Given information:
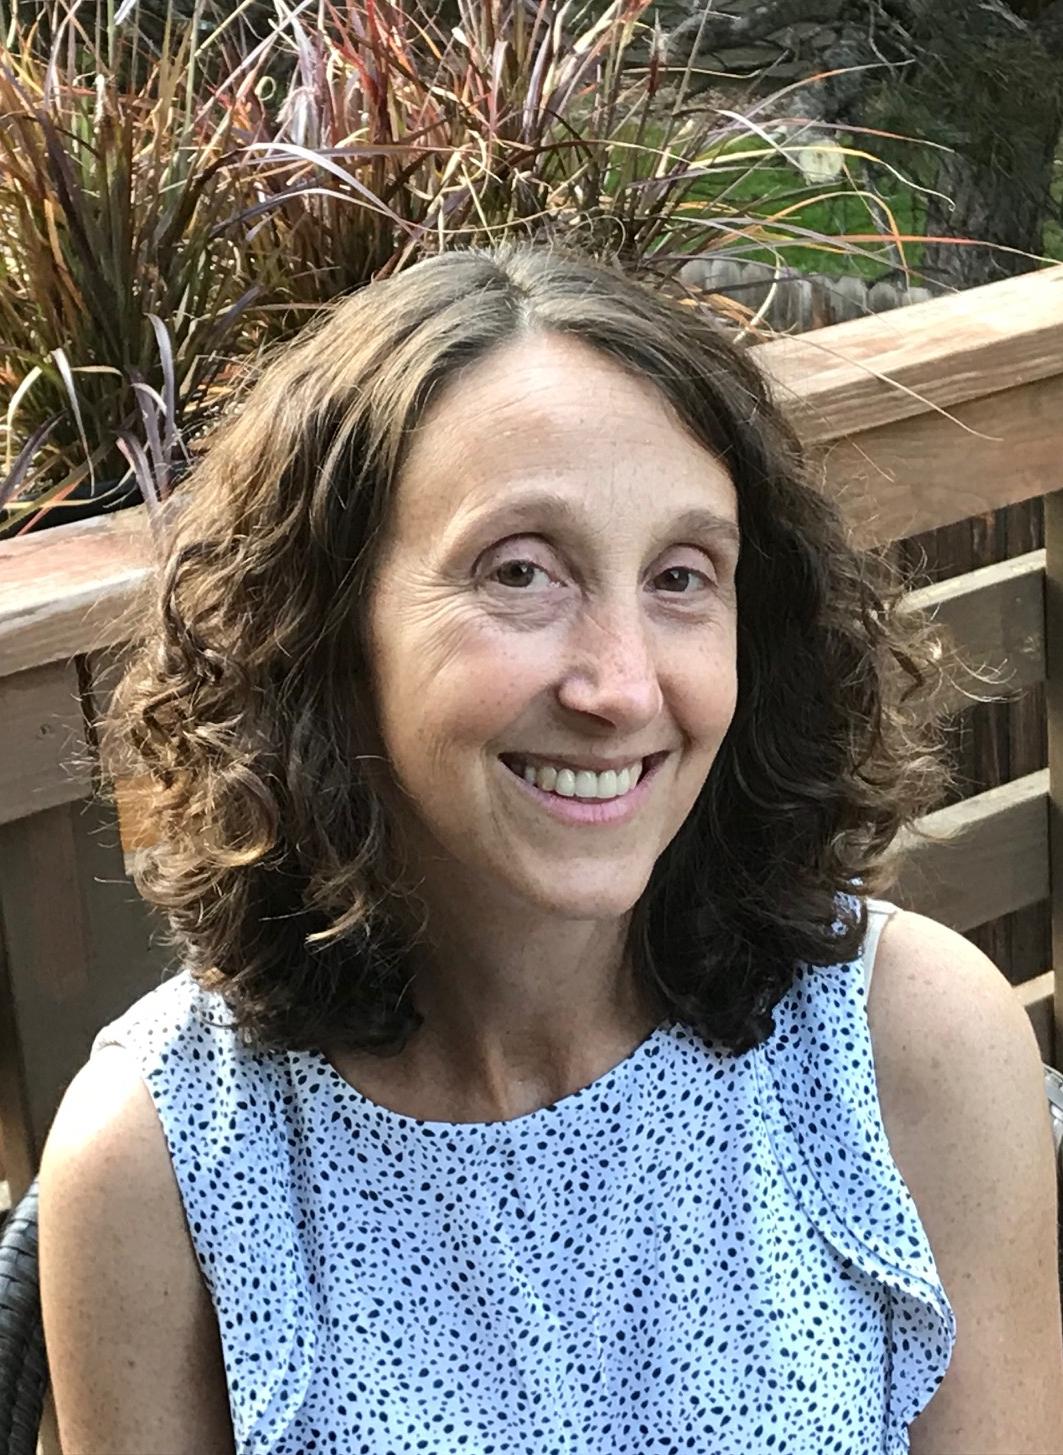 Allison Freedman - Communications
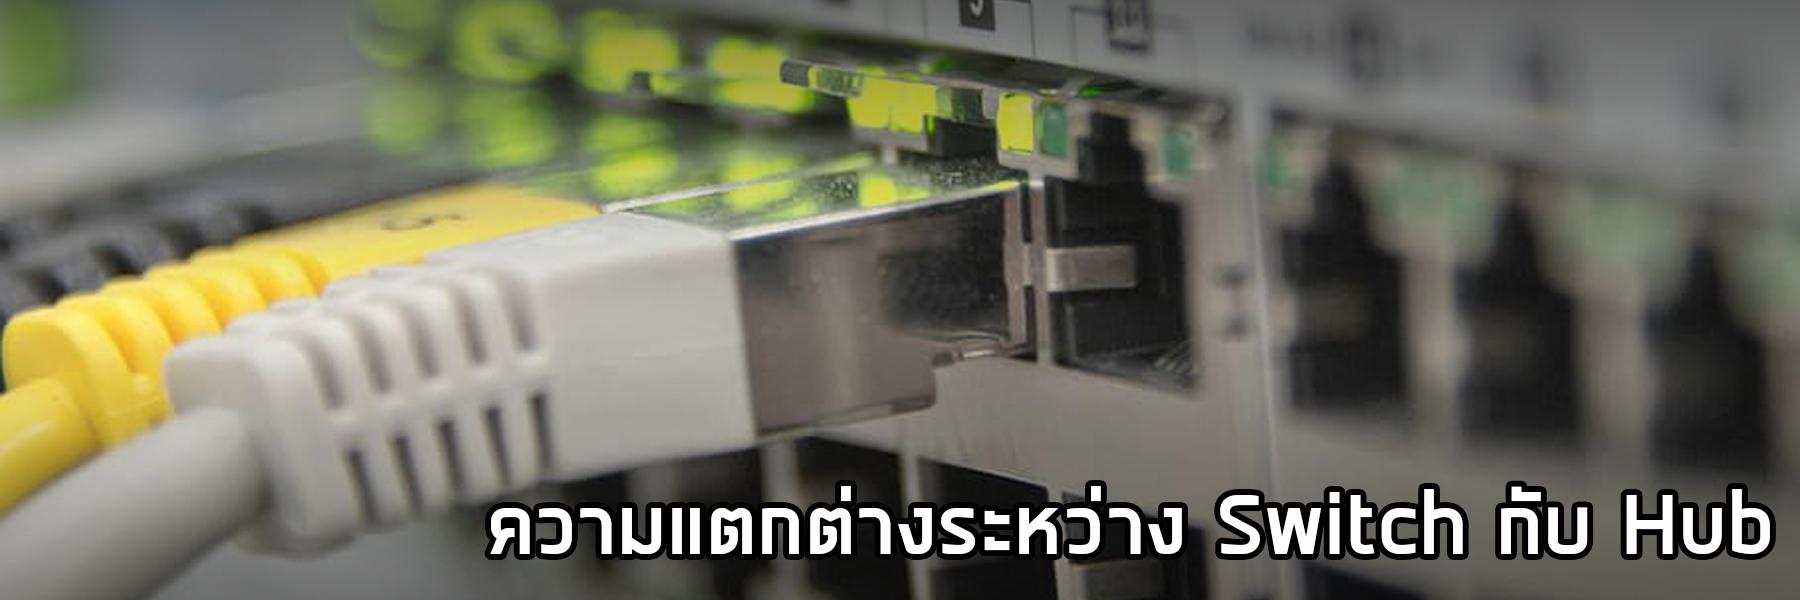 ความแตกต่างระหว่าง Switch กับ Hub
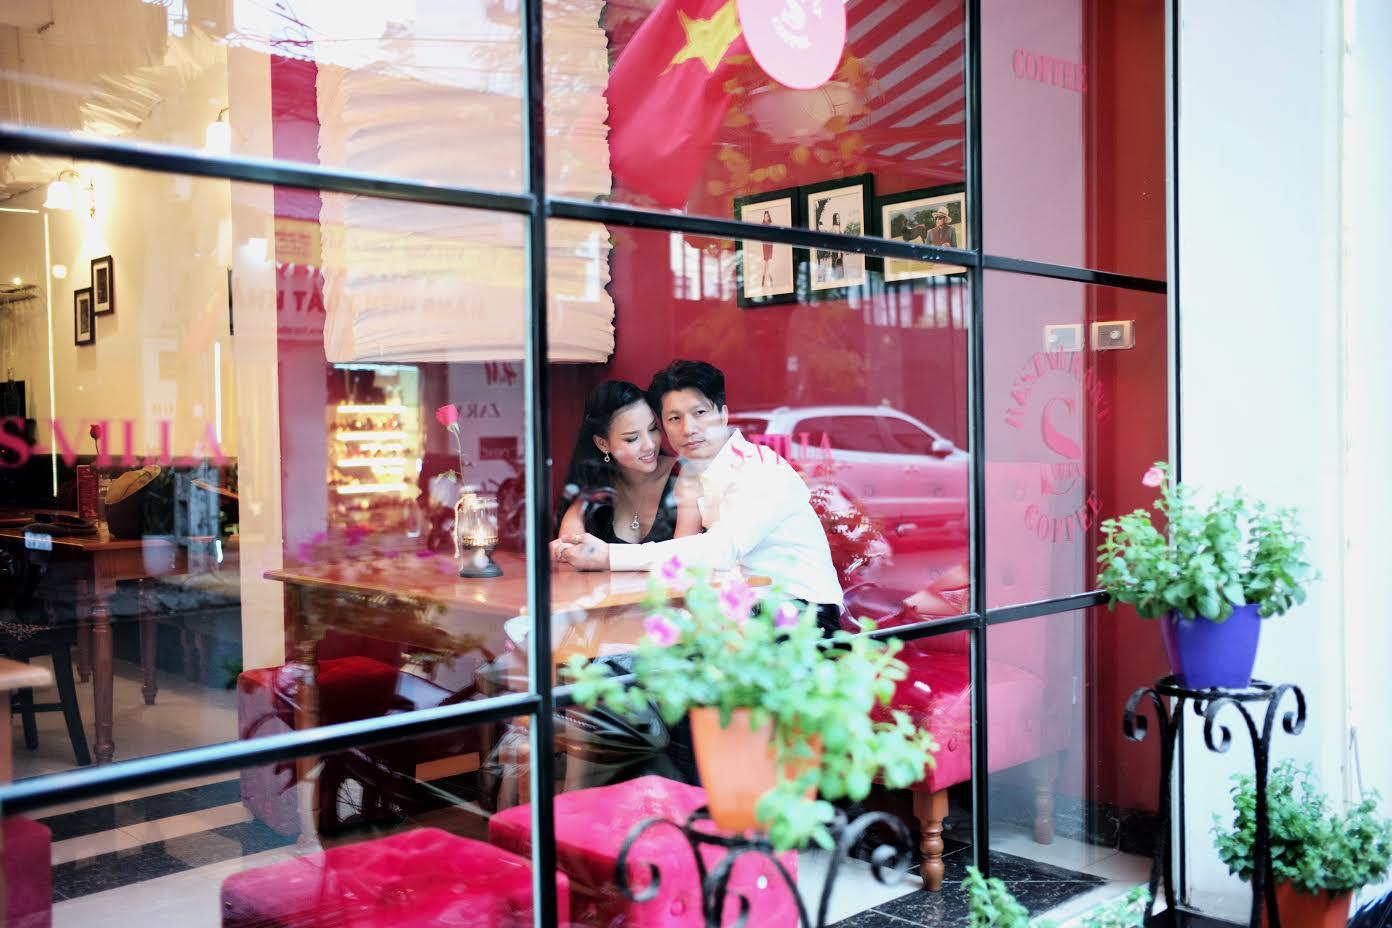 Dustin Nguyễn tình tứ với vợ siêu mẫu trong quán cafe - 1

Assignment: Leave out the pictures, and retype exactly the lines from the one containing "ความแตกต่างระหว่าง Switch กับ Hub" through the last line of the data above, no more and no less.

Worked solution:
 ความแตกต่างระหว่าง Switch กับ Hub
 Dustin Nguyễn tình tứ với vợ siêu mẫu trong quán cafe - 1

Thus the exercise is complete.